— WORK REQUEST —
Your answer must be the lines from the one containing "Fitness centre/facilities, Fitness" through the last line below, copied exactly, with no pictures.

— COLLECTED DATA —
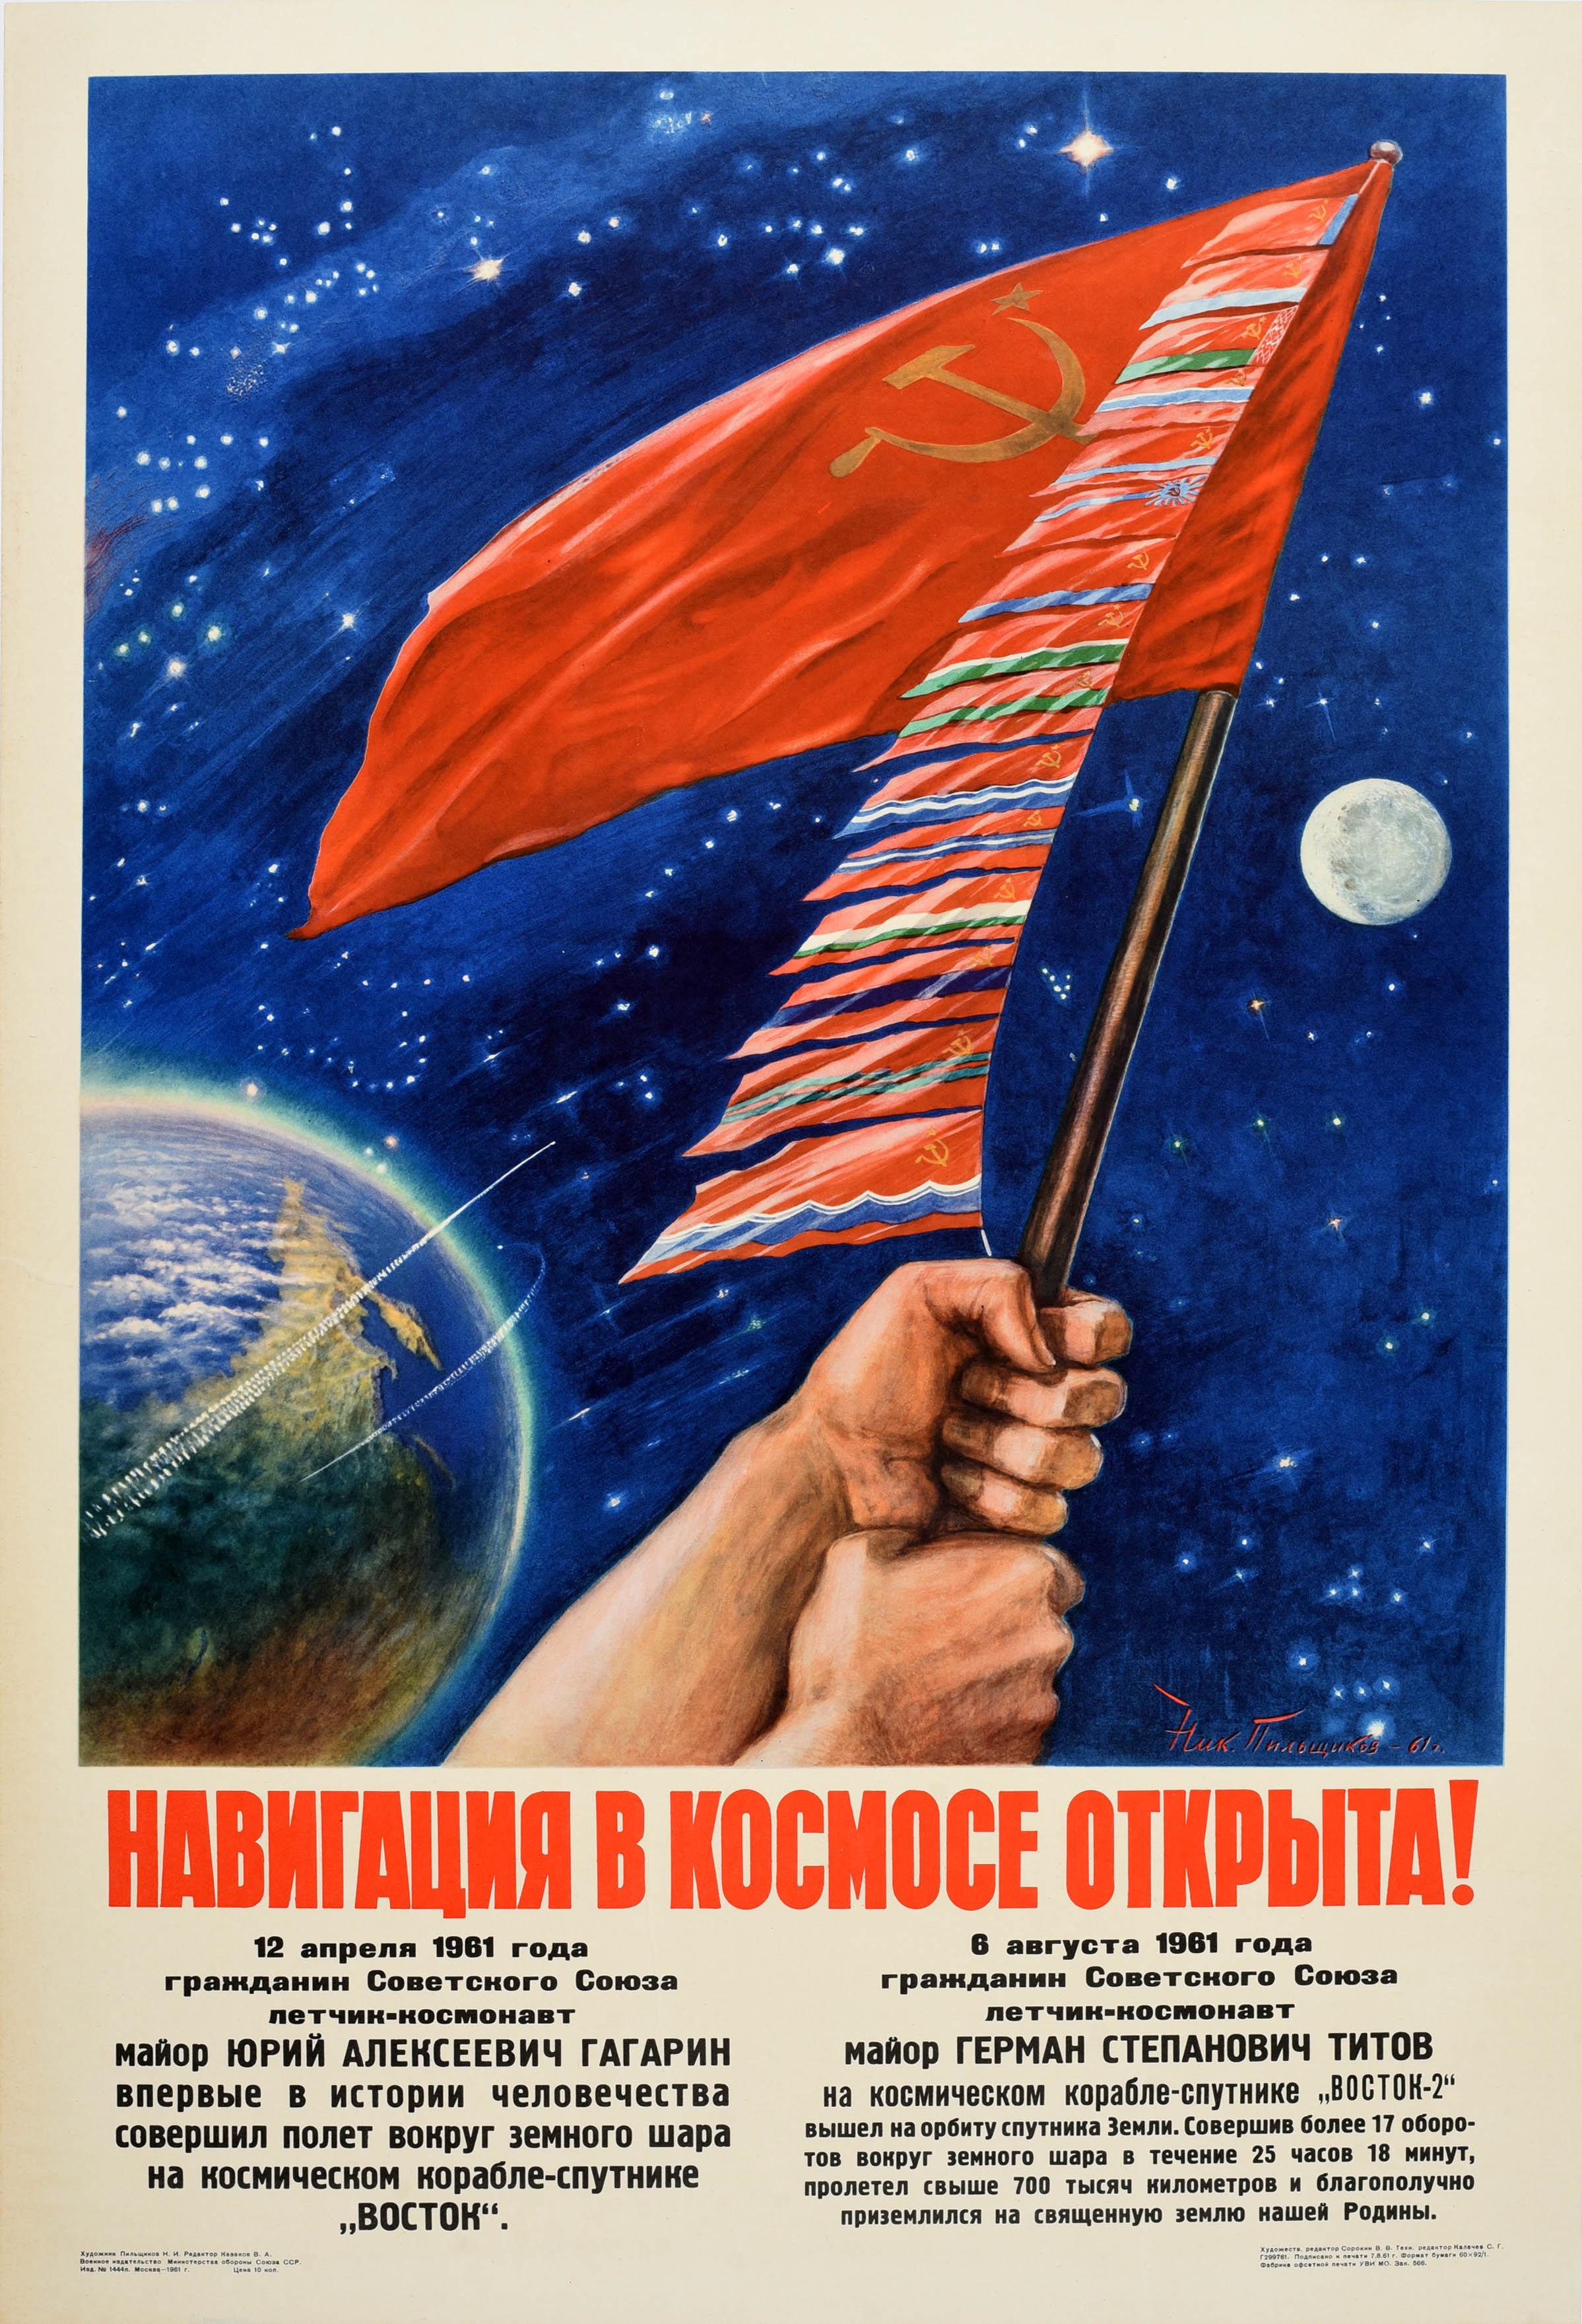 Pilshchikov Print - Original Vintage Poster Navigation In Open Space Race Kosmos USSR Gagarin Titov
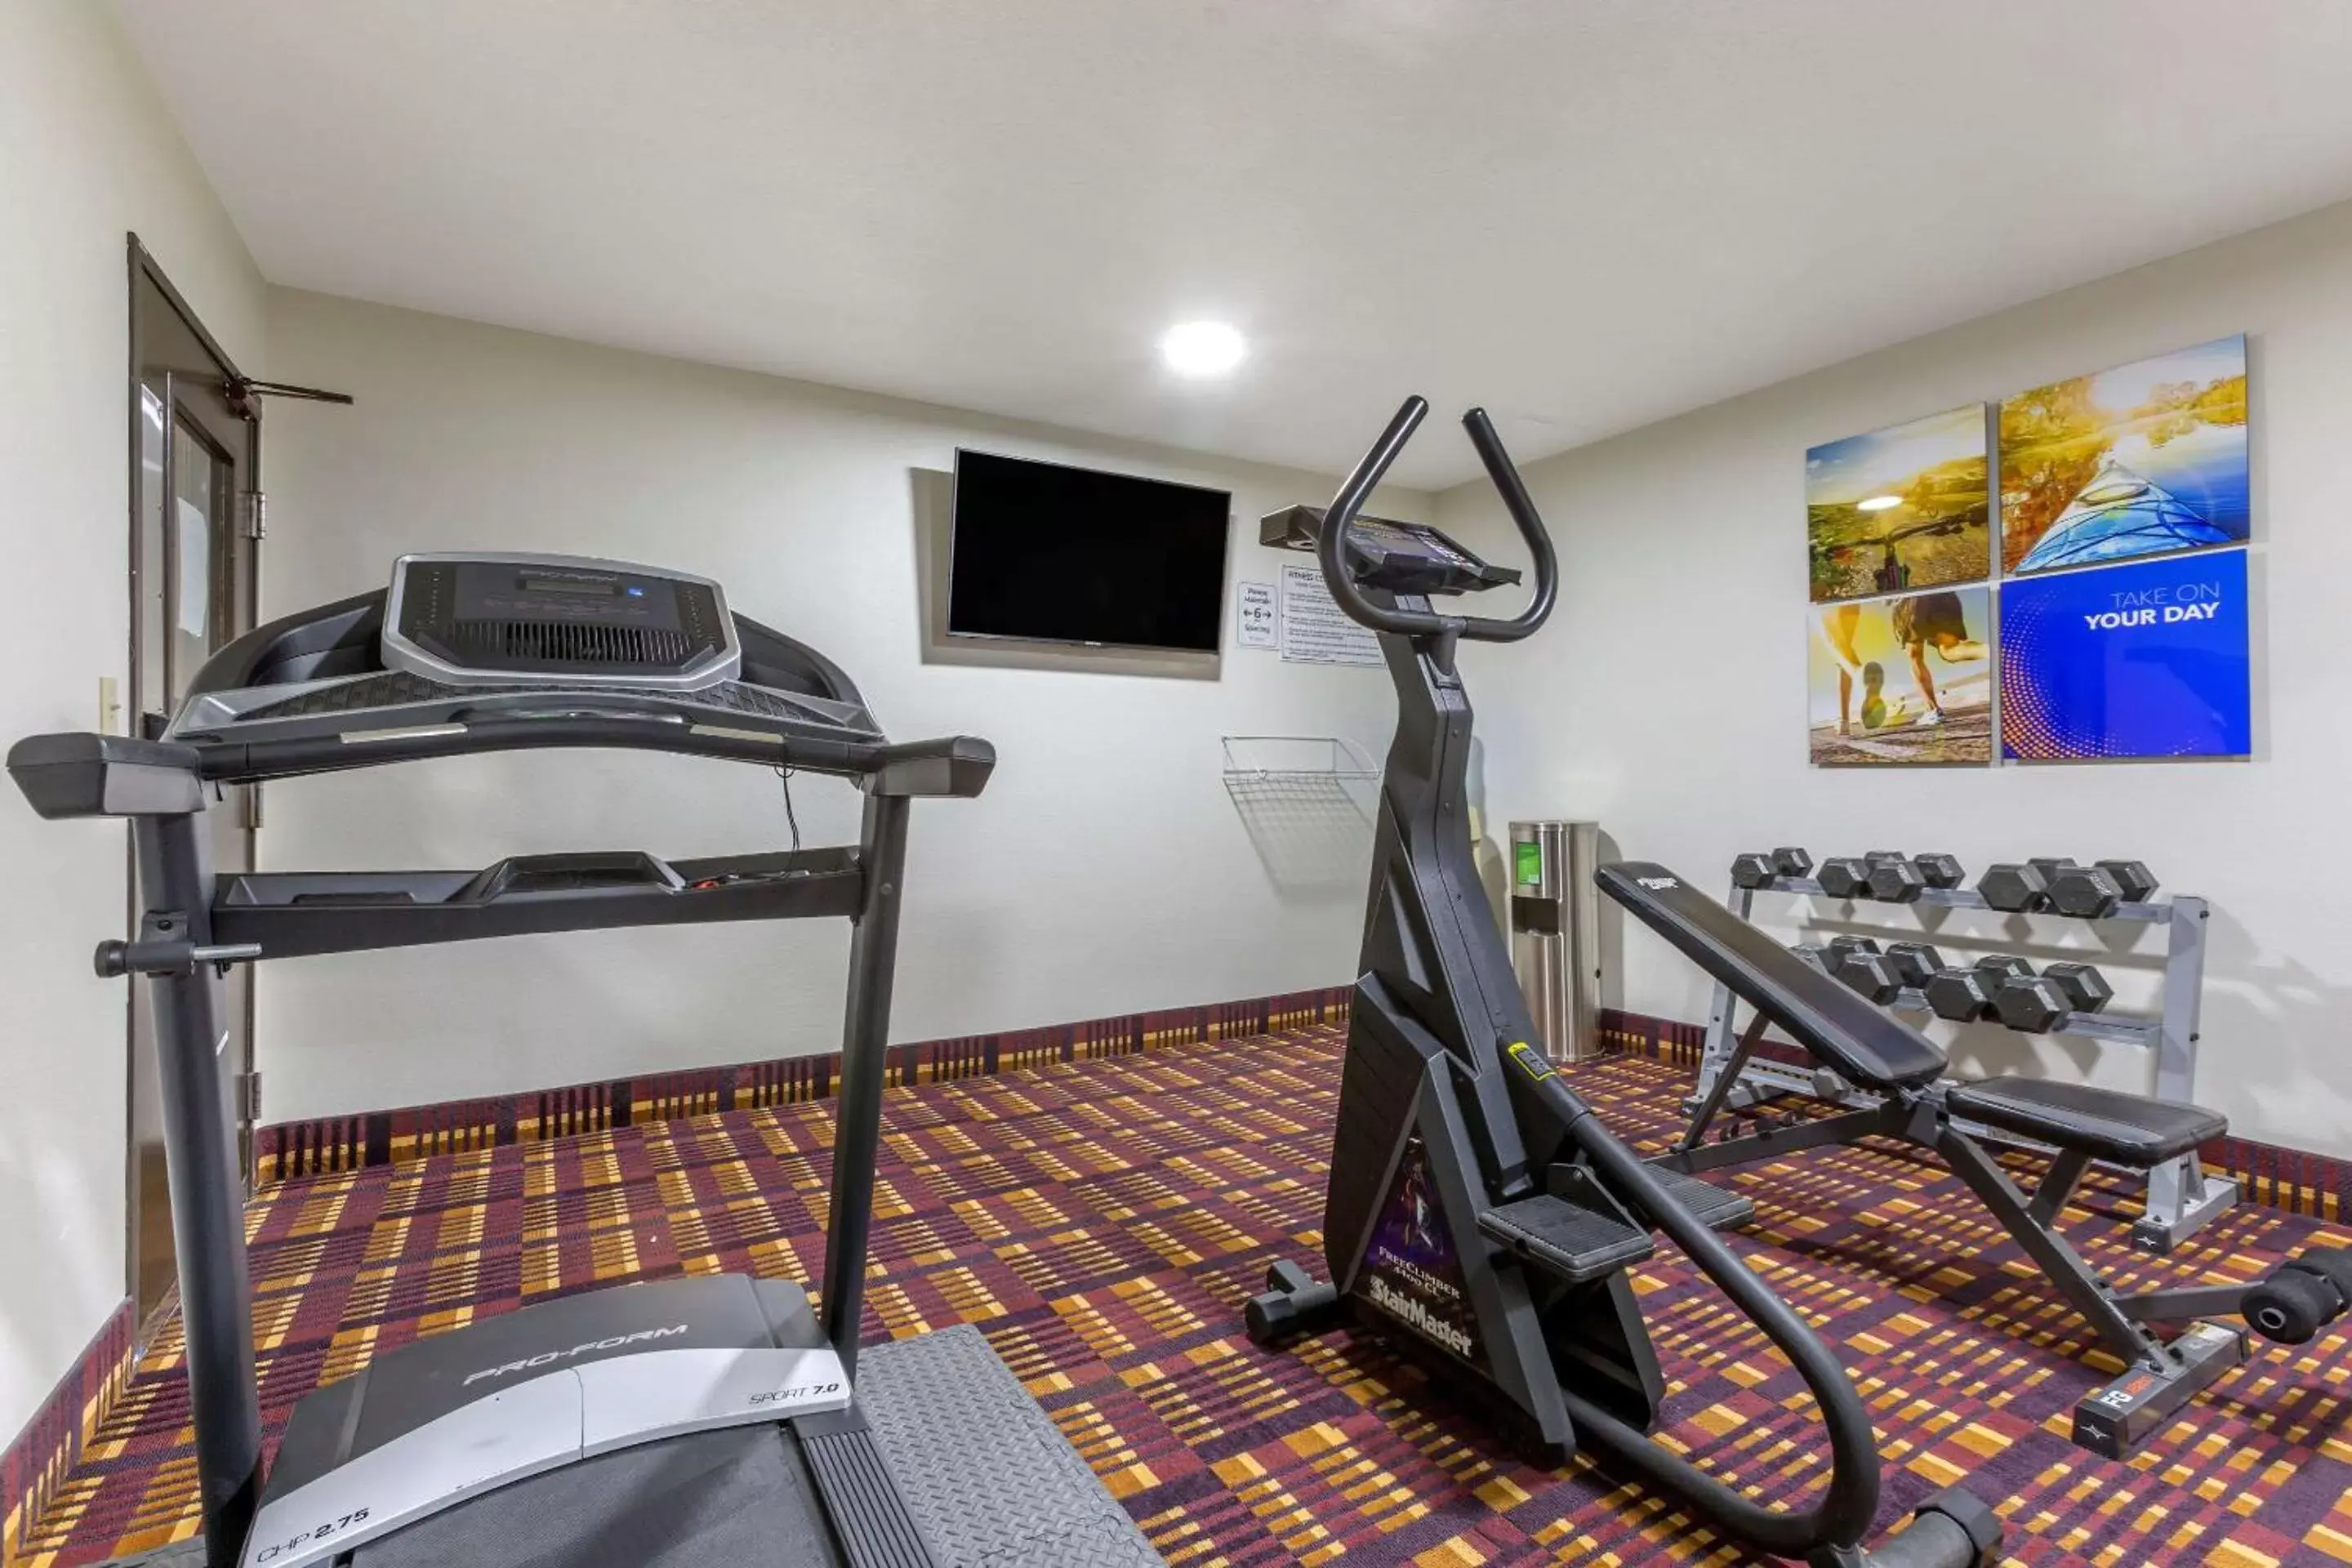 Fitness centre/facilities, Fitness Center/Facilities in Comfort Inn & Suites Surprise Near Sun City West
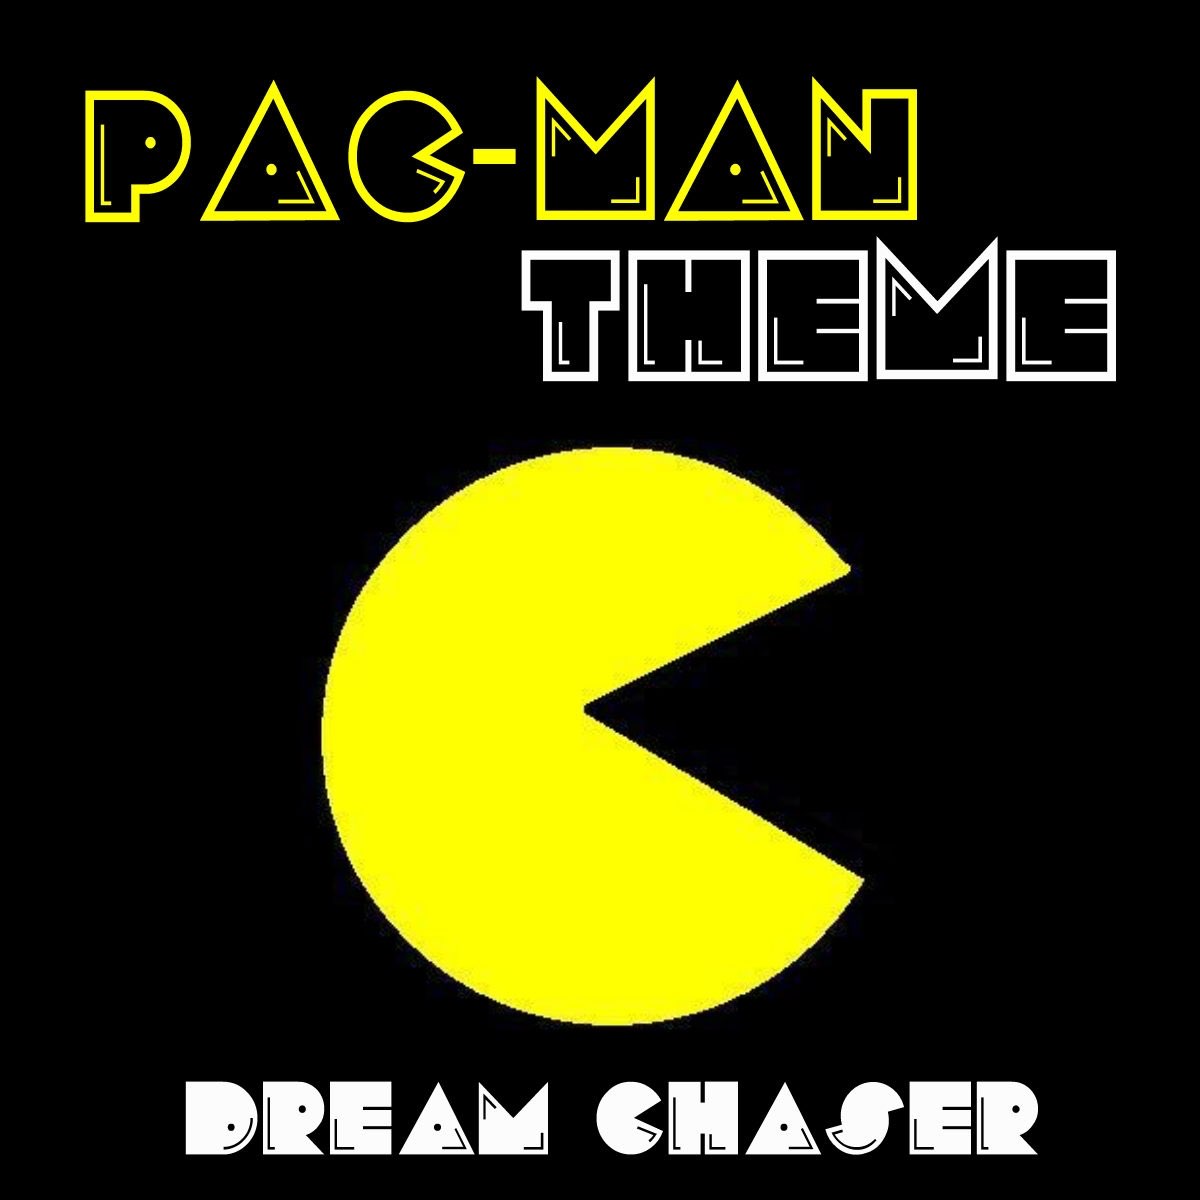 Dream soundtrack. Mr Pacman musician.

— SOLVED PROBLEM —
 Fitness centre/facilities, Fitness Center/Facilities in Comfort Inn & Suites Surprise Near Sun City West
 Dream soundtrack. Mr Pacman musician.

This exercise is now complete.